__Task objective__. Please, without any pictures, transcribe the lines from the one holding "Wild flowers in" to the end of the listing, both ends included.

======== Dataset extract ========

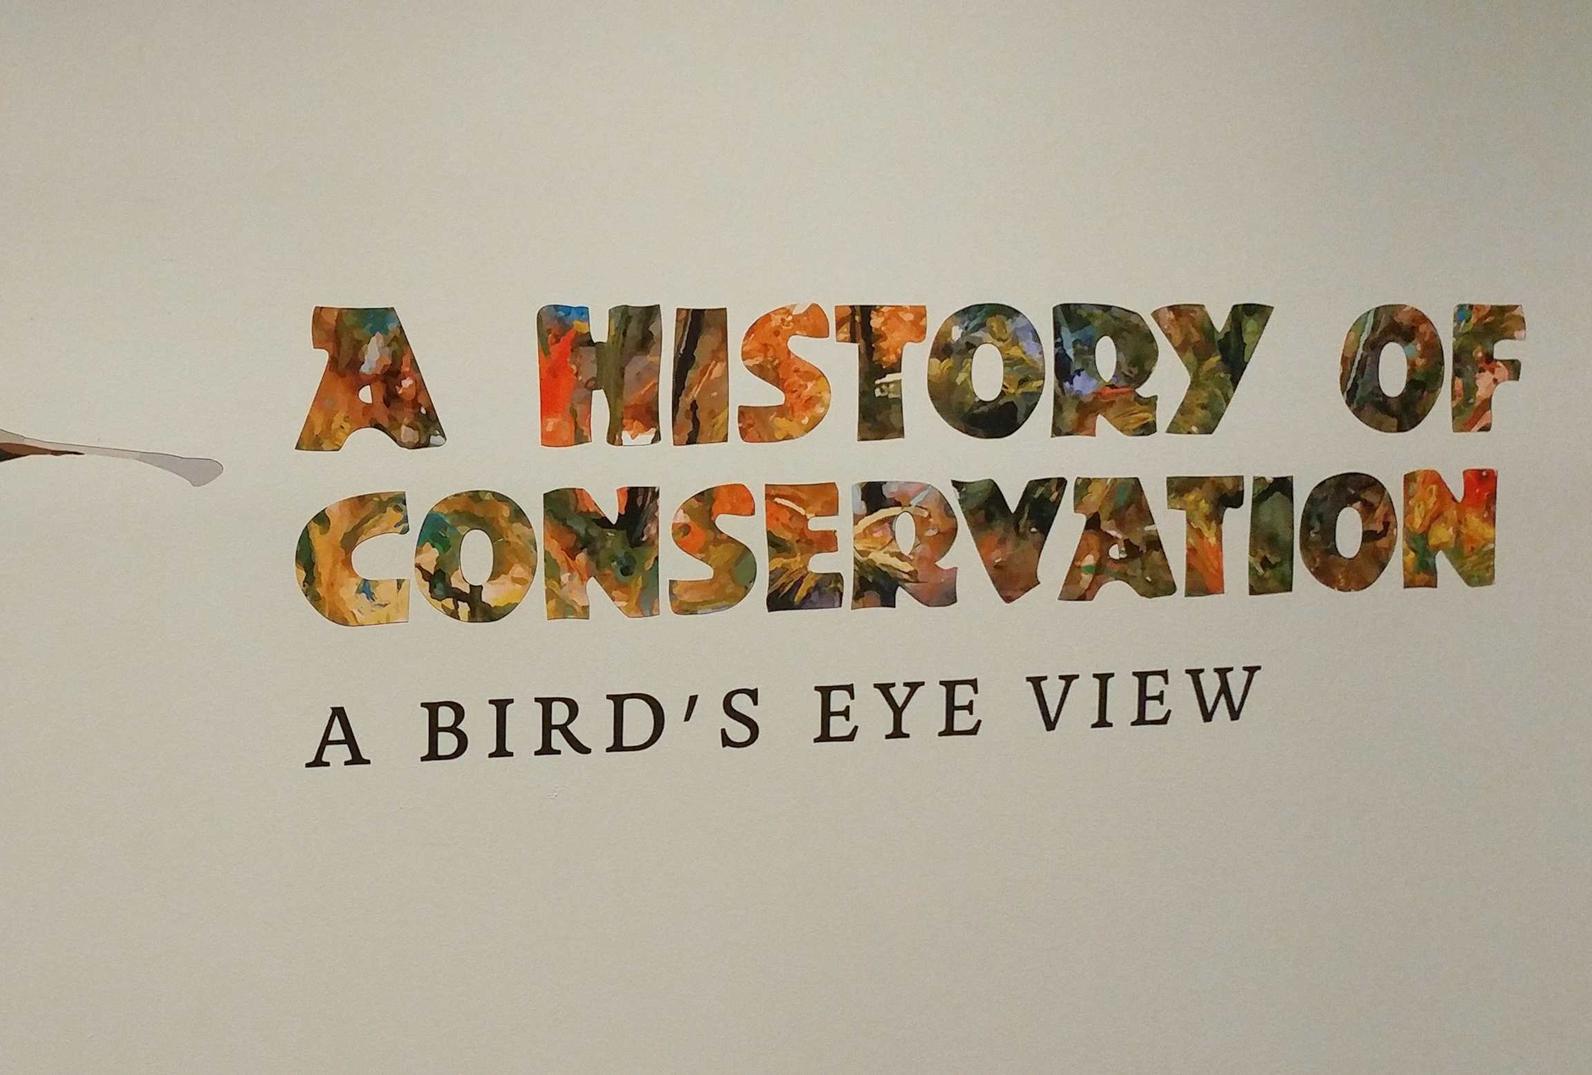 A History of Conservation
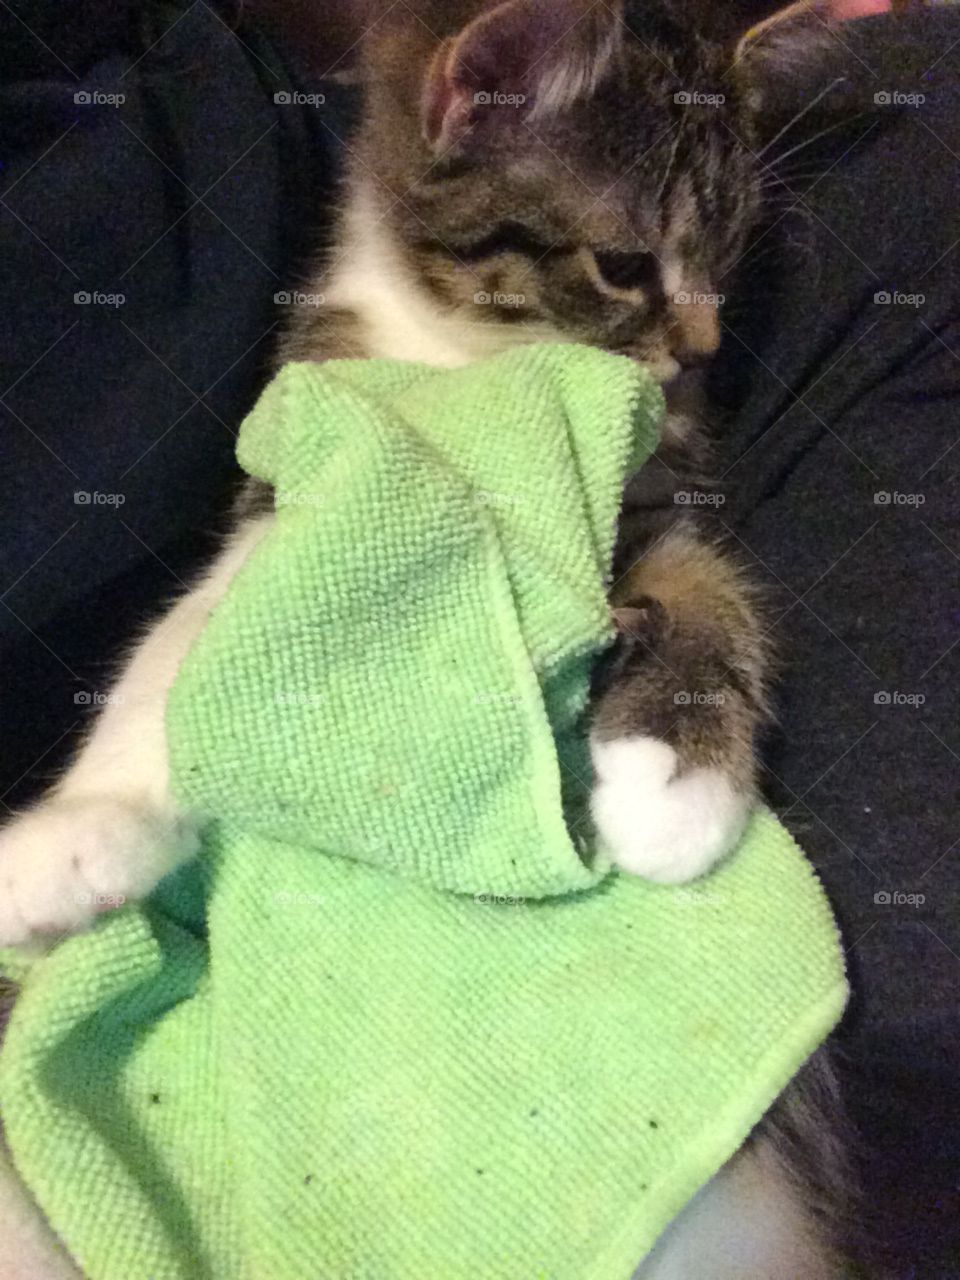 Kitten using a face cloth for a blanket
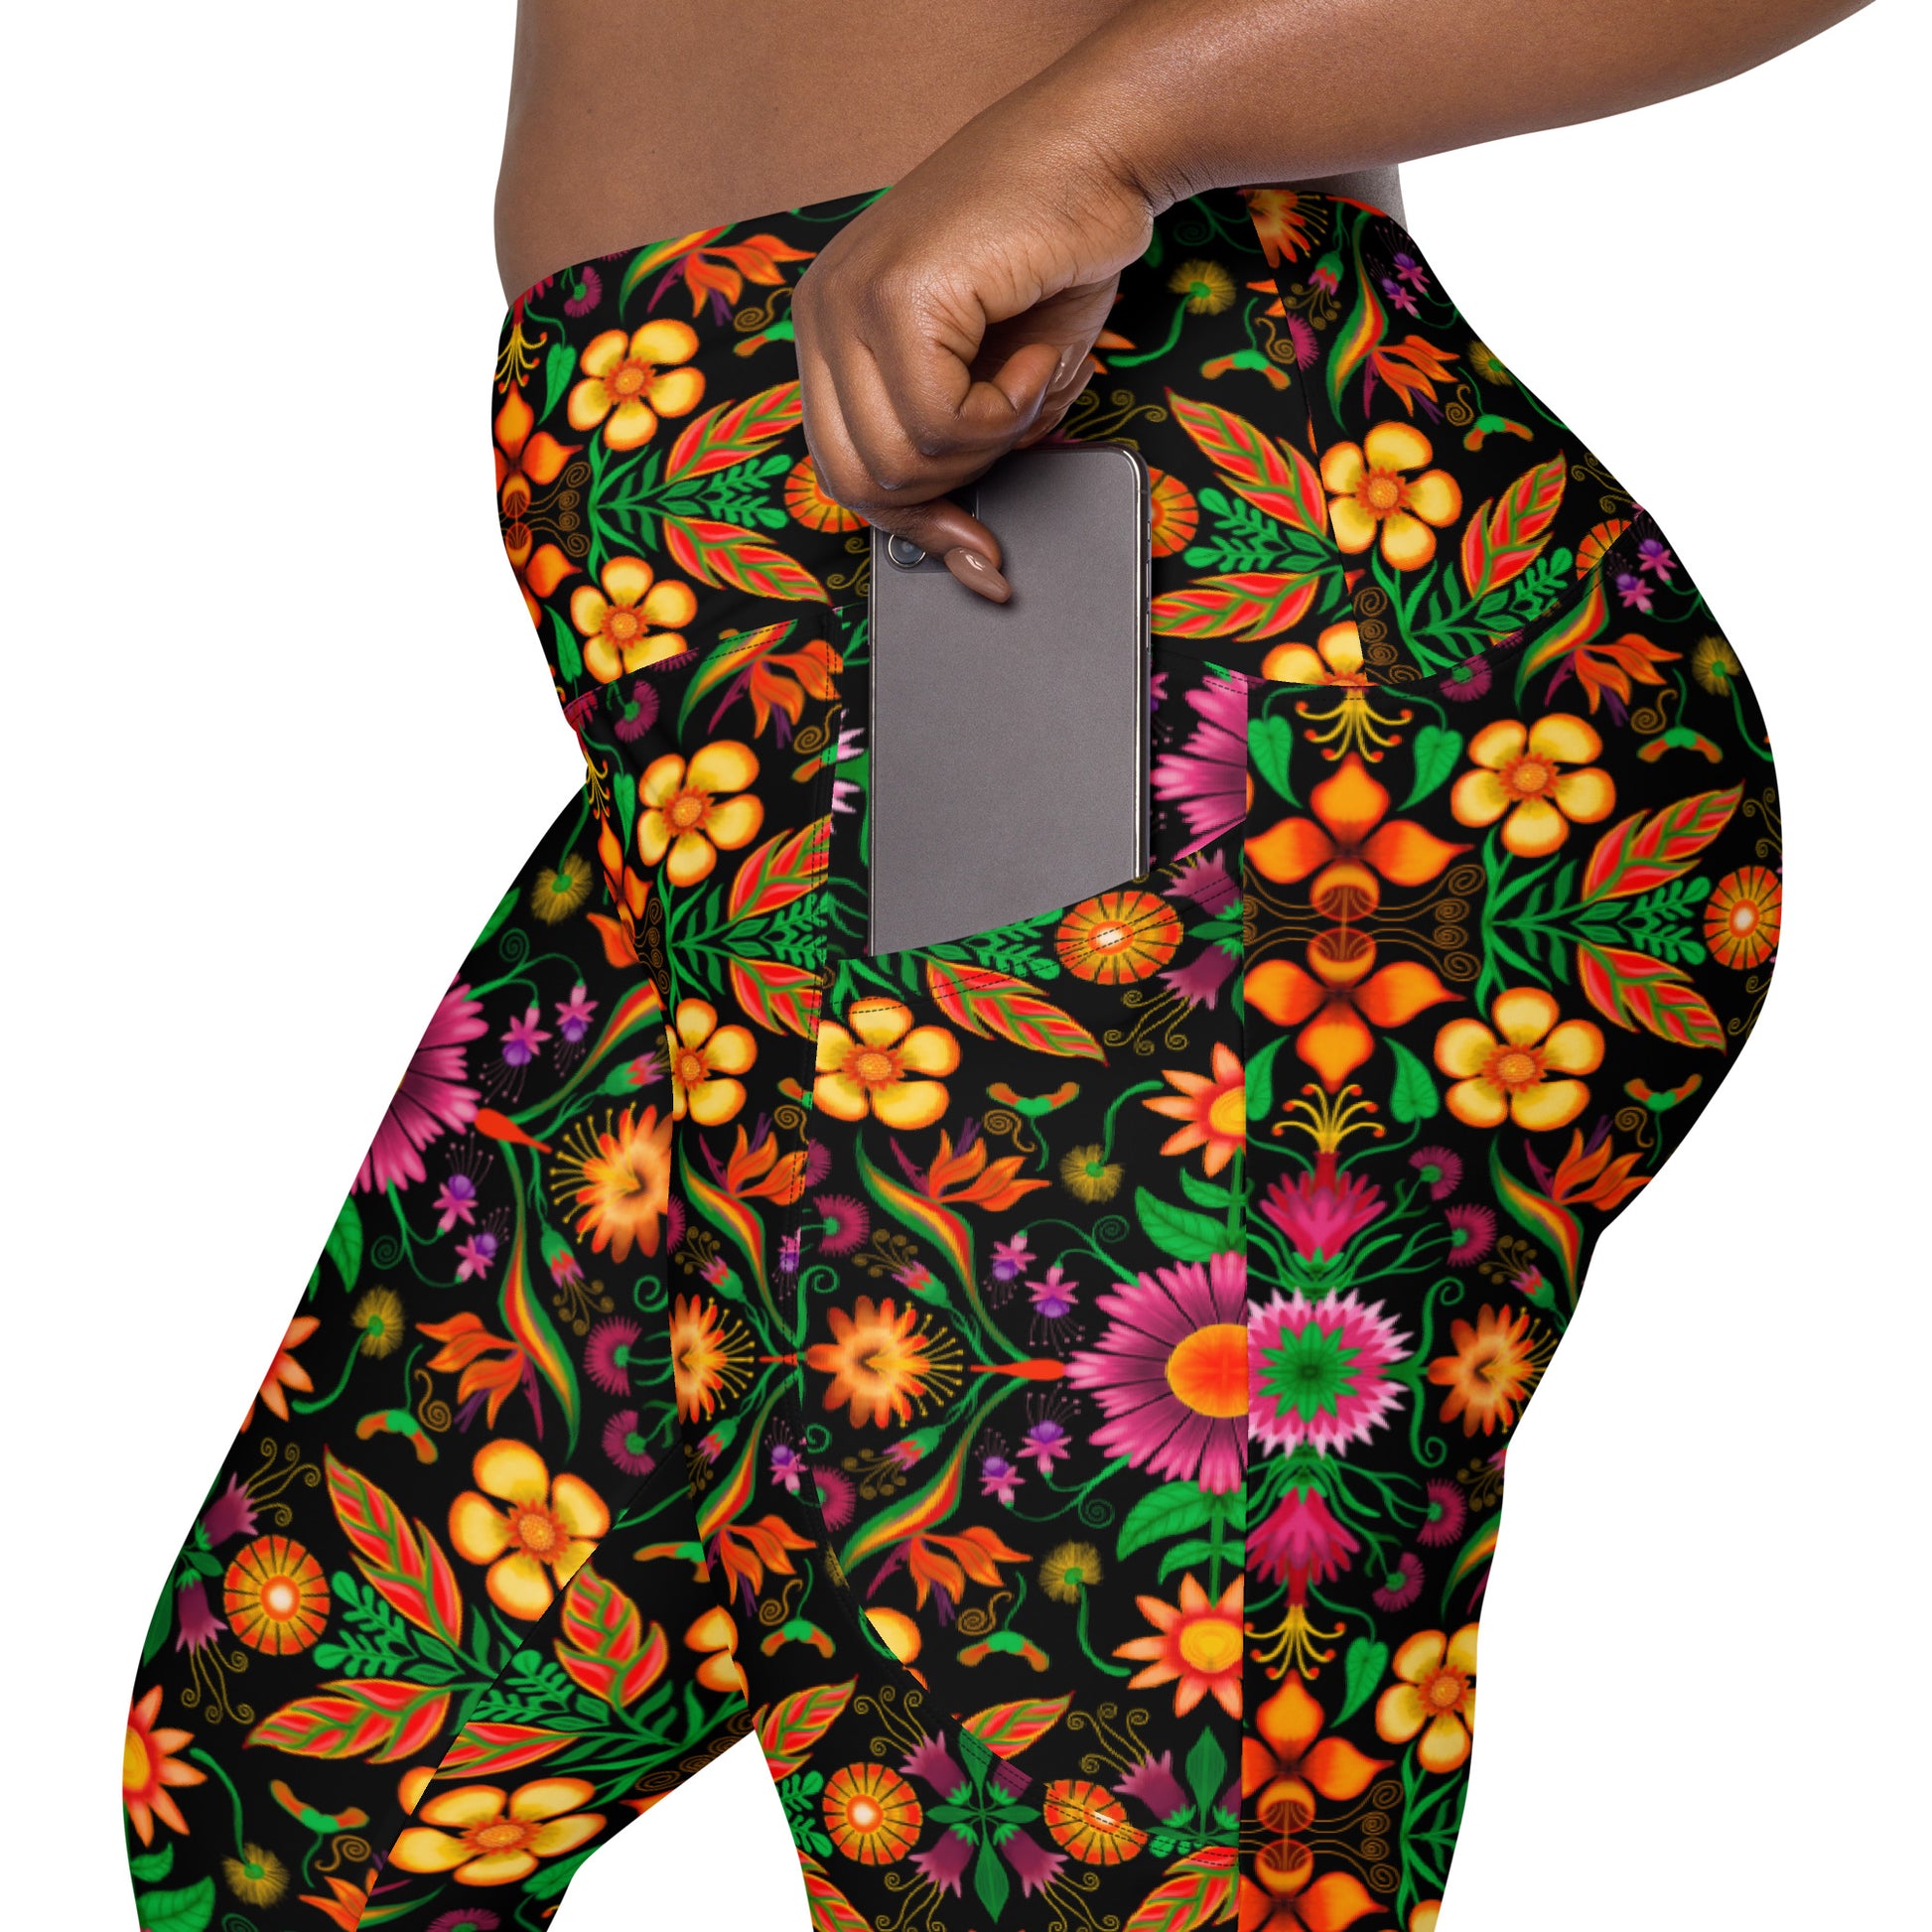 Wild flowers in a luxuriant jungle Crossover leggings with pockets. Pocket details
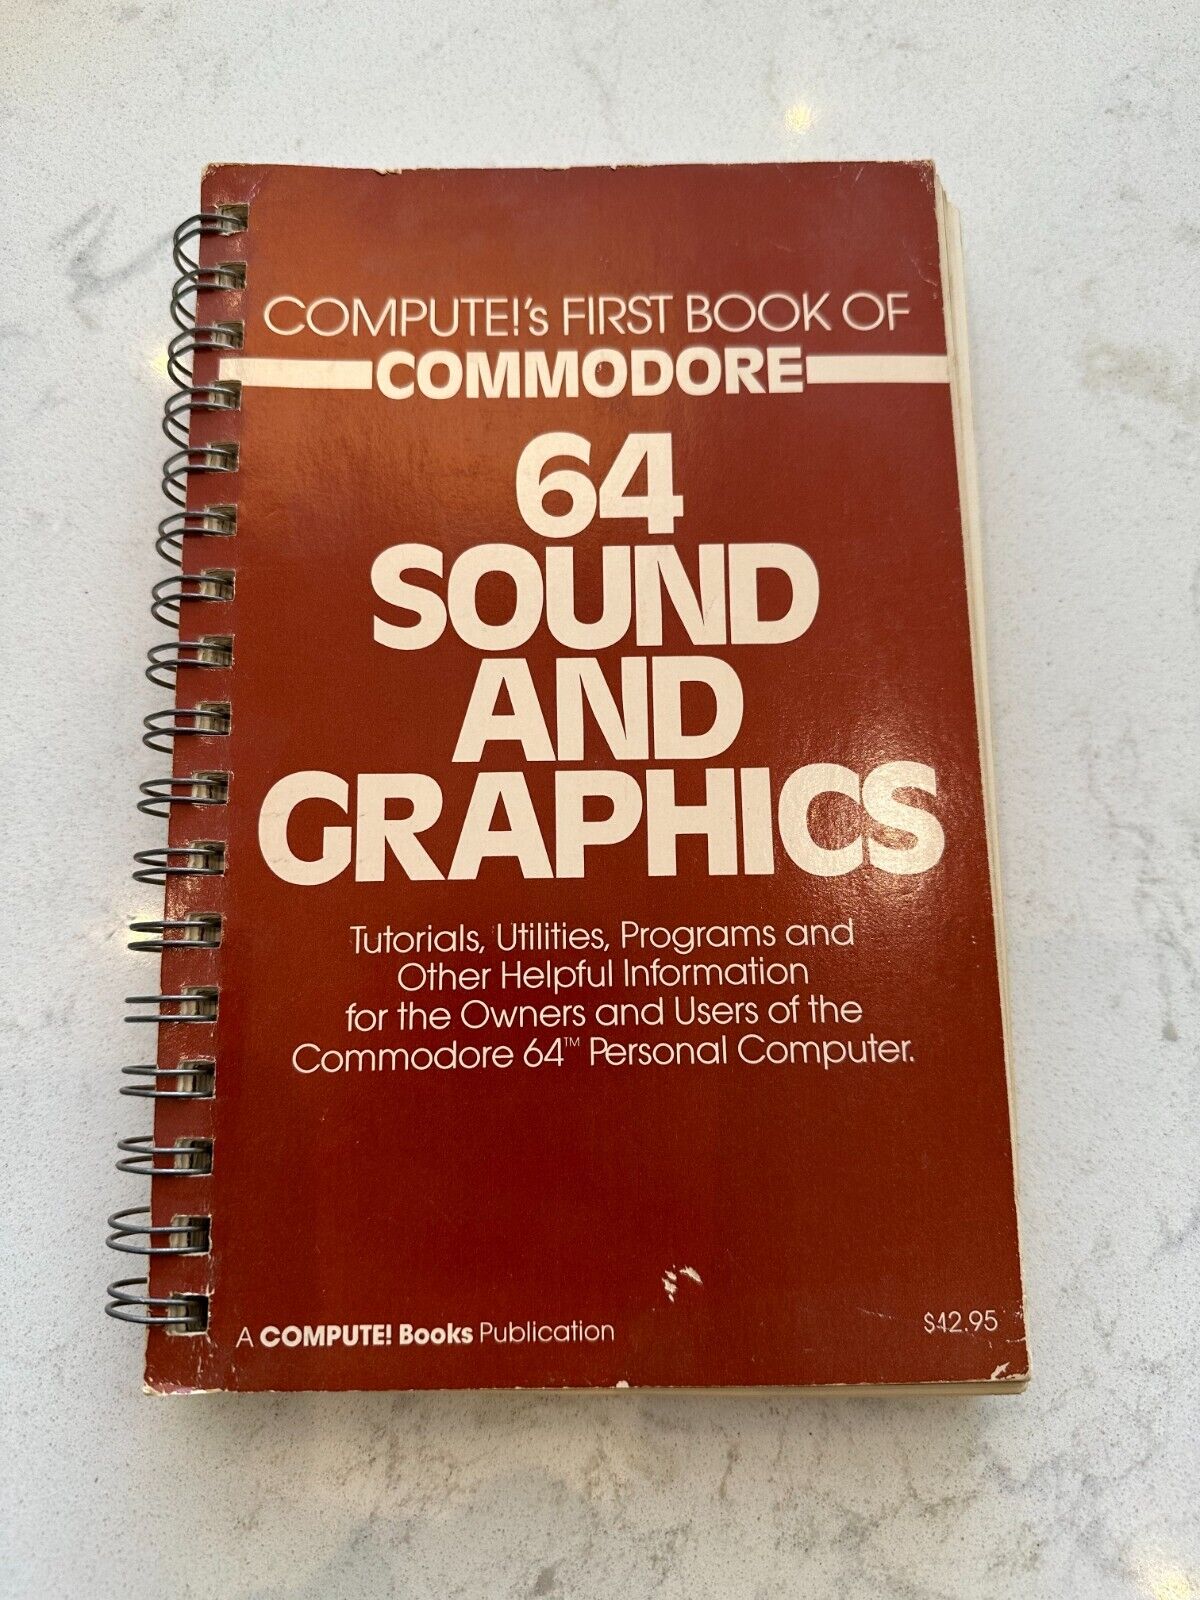 Compute's First Book of Commodore 64 Sound and Graphics Vintage Book

========

__Solution to this exercise__.
 Wild flowers in a luxuriant jungle Crossover leggings with pockets. Pocket details
 Compute's First Book of Commodore 64 Sound and Graphics Vintage Book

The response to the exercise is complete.